Steedman situates her study in a now familiar feminist theoretical framework that highlights class, gender, and ethnicity as the primary determinants of women's experience. She also stresses the interconnectedness of family and workplace, arguing that patriarchal ideals and family practices regarding proper roles for women and men moulded gender relations in the workplace. Thus when women, who were ideally to be angels in the home, took to the factory floor, "they were perceived as 'angels', the 'other', separated from the earthly hierarchy and expected to follow the bidding of the men who worked around them ... "(2).

As the author herself concedes, however, the "angel" analogy is not entirely fitting. Clearly women in the clothing industry were fully human and struggled daily against the consequences of being caught in an earthly hierarchy in which they occupied the lowest ranks. A more accurate title for the book might have been "Little Sisters" in the Workplace: Men's Treatment of Women in the Ontario and Quebec Clothing Industries, 1890-1940, since the focus is on how men in the garment industry in central Canada constructed gender relations in the workplace. According to Steedman, working-class men treated women workers as "little sisters" who needed men to speak for them and to protect them. She traces in great detail how trade unionists acted with male managers and government officials to define and redefine what constituted skilled labour to the detriment of women workers.

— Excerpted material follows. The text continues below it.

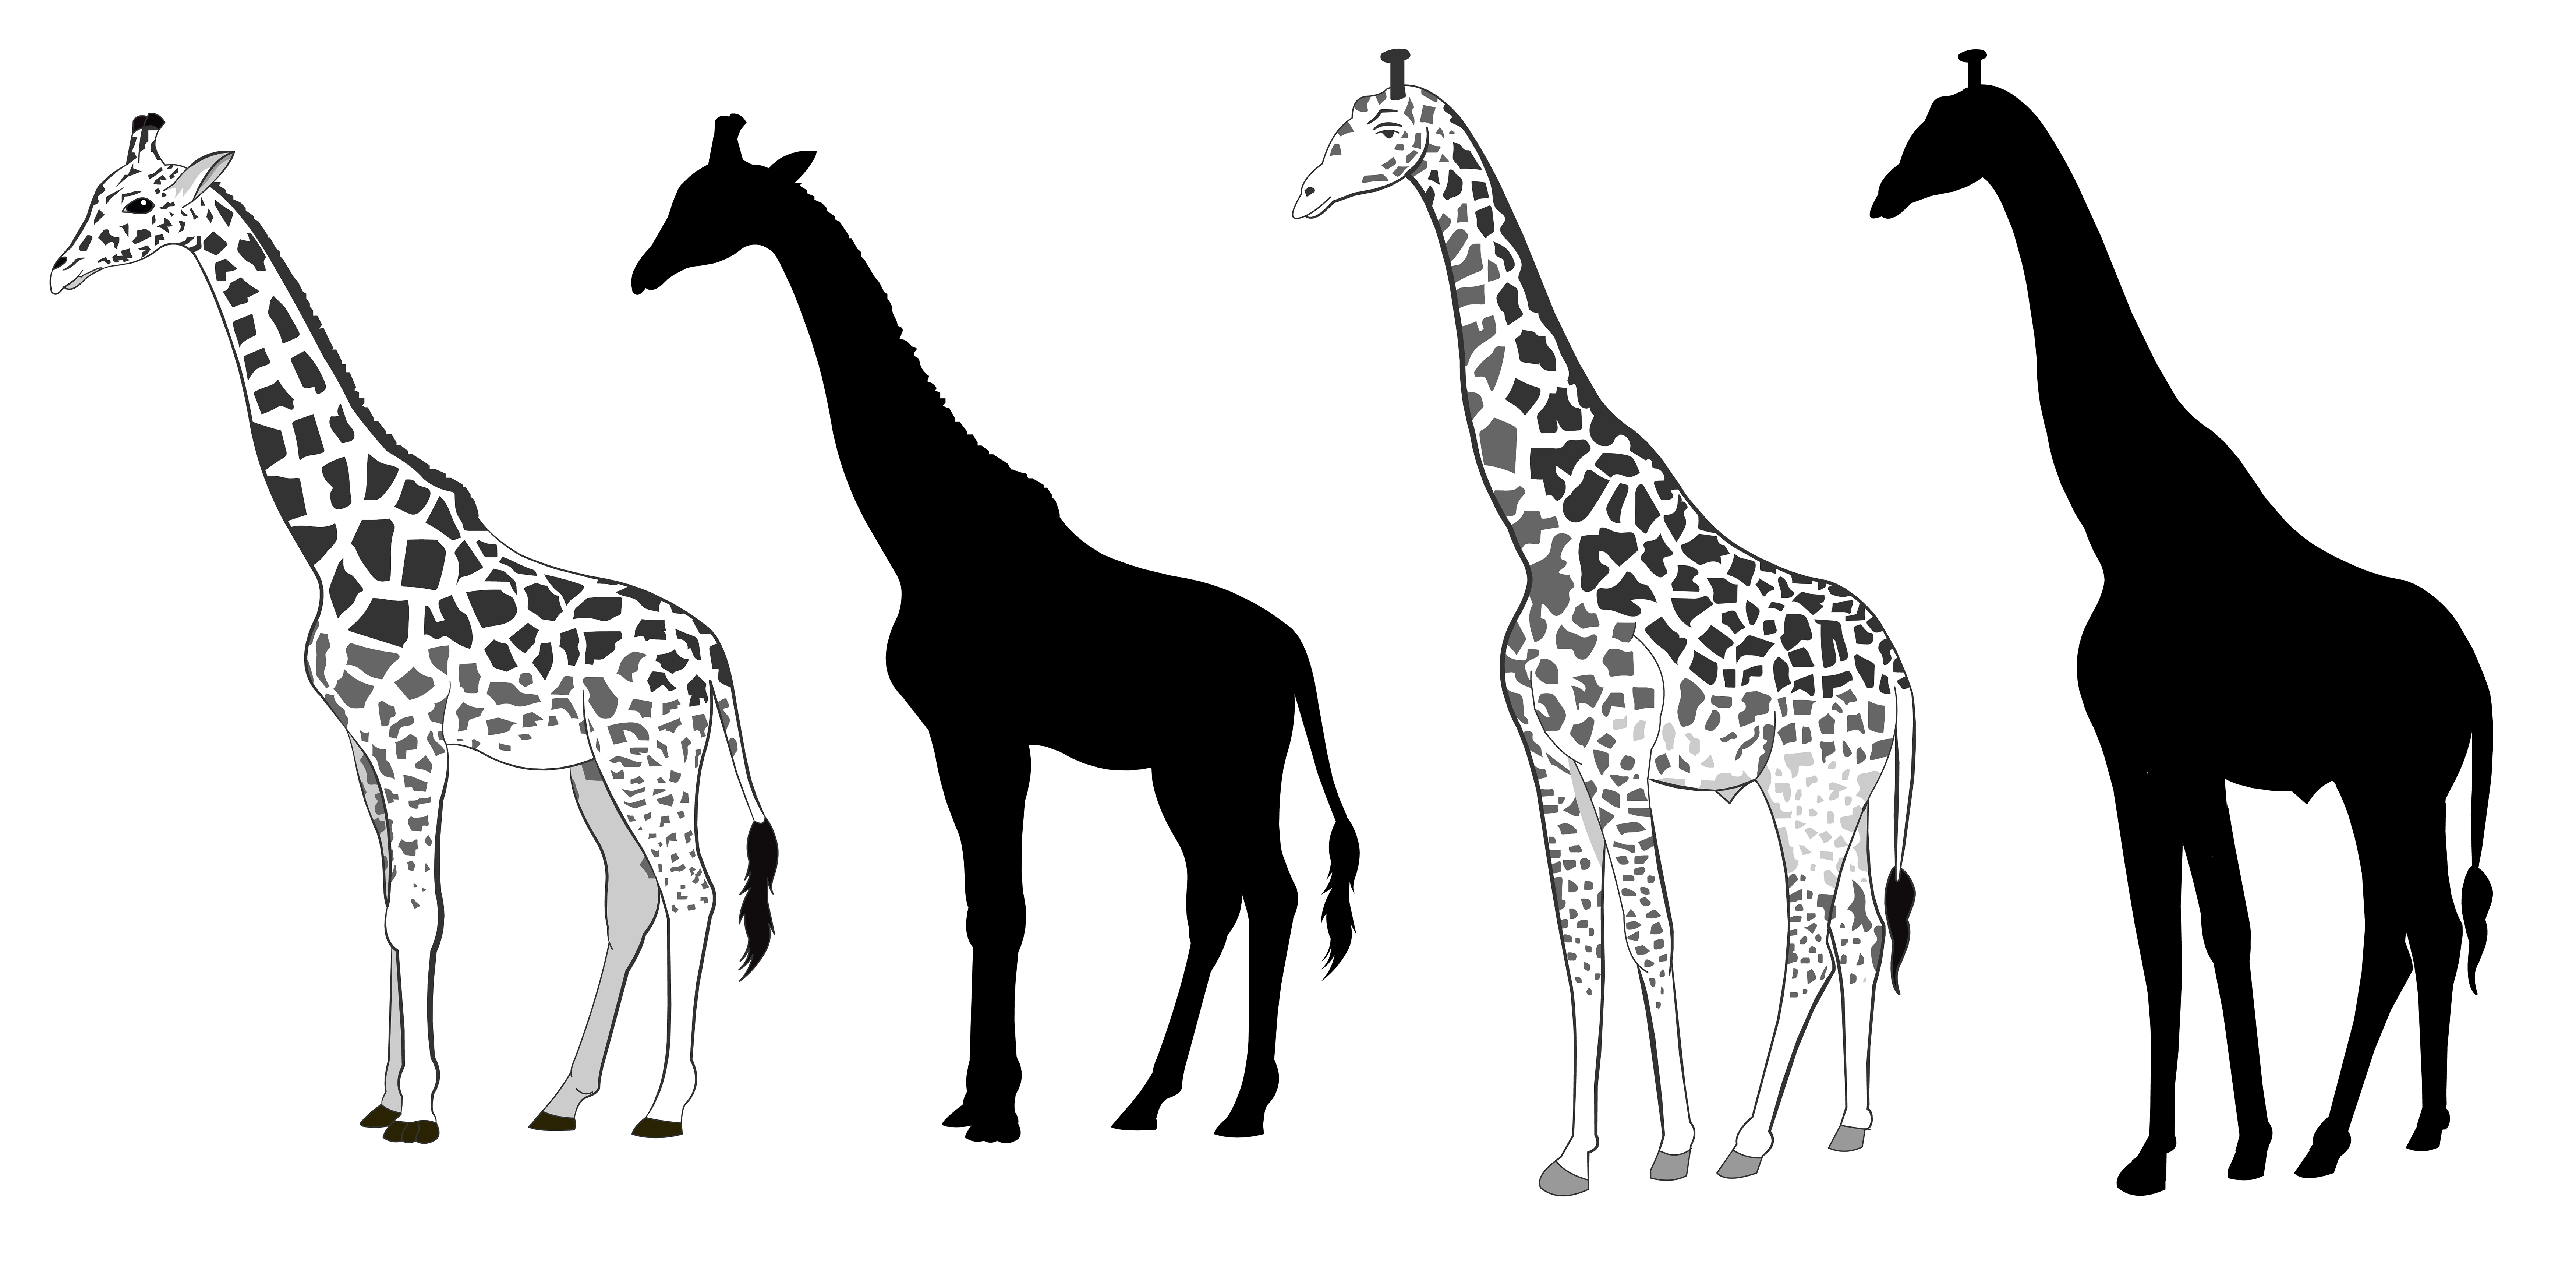 Download Giraffe silhouette - Download Free Vectors, Clipart ...

Although Steedman represents the women workers in her introduction as "highly skilled workers ... ready to take action in the streets or factories, to do battle with the authorities of government and workplace ... "(2), most of her discussion underlines their marginality because it concentrates on men's actions. Men in the industry consistently robbed women of their identity as adult workers by referring to them as "girls" and by viewing them as unskilled or semi-skilled, transient workers. Thus one is left wondering about the extent of female workers' agency, since little evidence is presented for it. The author does use interviews with a handful of retired female garment workers to attenuate the male-dominated narrative by giving women a voice. It is regrettable, however, that she did not conduct more interviews with French-Canadian workers, who accounted for the majority of workers in the Quebec garment industry after 1930. Another useful source of information about French-Canadian workers and their activ ism would have been the Montreal newspapers, but there is no evidence that the author used either the English-language or the French-language press. By using these sources, Steedman might have been able to provide a more satisfying explanation as to why" ... young French-Canadian women moved into a union movement led by older Jewish men" (176) who did not view them as their equals. She mentions only very briefly the Quebec Catholic trade union movement during the 1930s. Yet, in early 1937, approximately one hundred employers in the Montreal garment industry recognized affiliates of the Confederation des travailleurs catholiques du Canada as the bargaining agent for their employees. Thus, by familiarizing the workers with industrial trade unionism, the Catholic unions helped to lay the groundwork for the organizational drive and famous strike led by the International Ladies' Garment Workers' Union in 1937.

As Steedman's book reveals, the Canadian garment industry was incredibly complex. Men's and women's clothing production had distinctive characteristics and dynamics, and each was further fragmented into various manufacturing sectors (coats, suits, shirts, dresses, etc.) The age, gender, and ethnic composition of the work force varied considerably according to type of clothing manufactured, As a result, the author's detailed account is complicated and sometimes hard to follow. Organizing the material first by industry sector and by province (men's clothing industry or women's clothing industry in Ontario/Quebec) and then chronologically within each sector might have made it easier for the reader to extract significant comparisons and contrasts in the consequences of the sexual division of labour and union activities across sectors.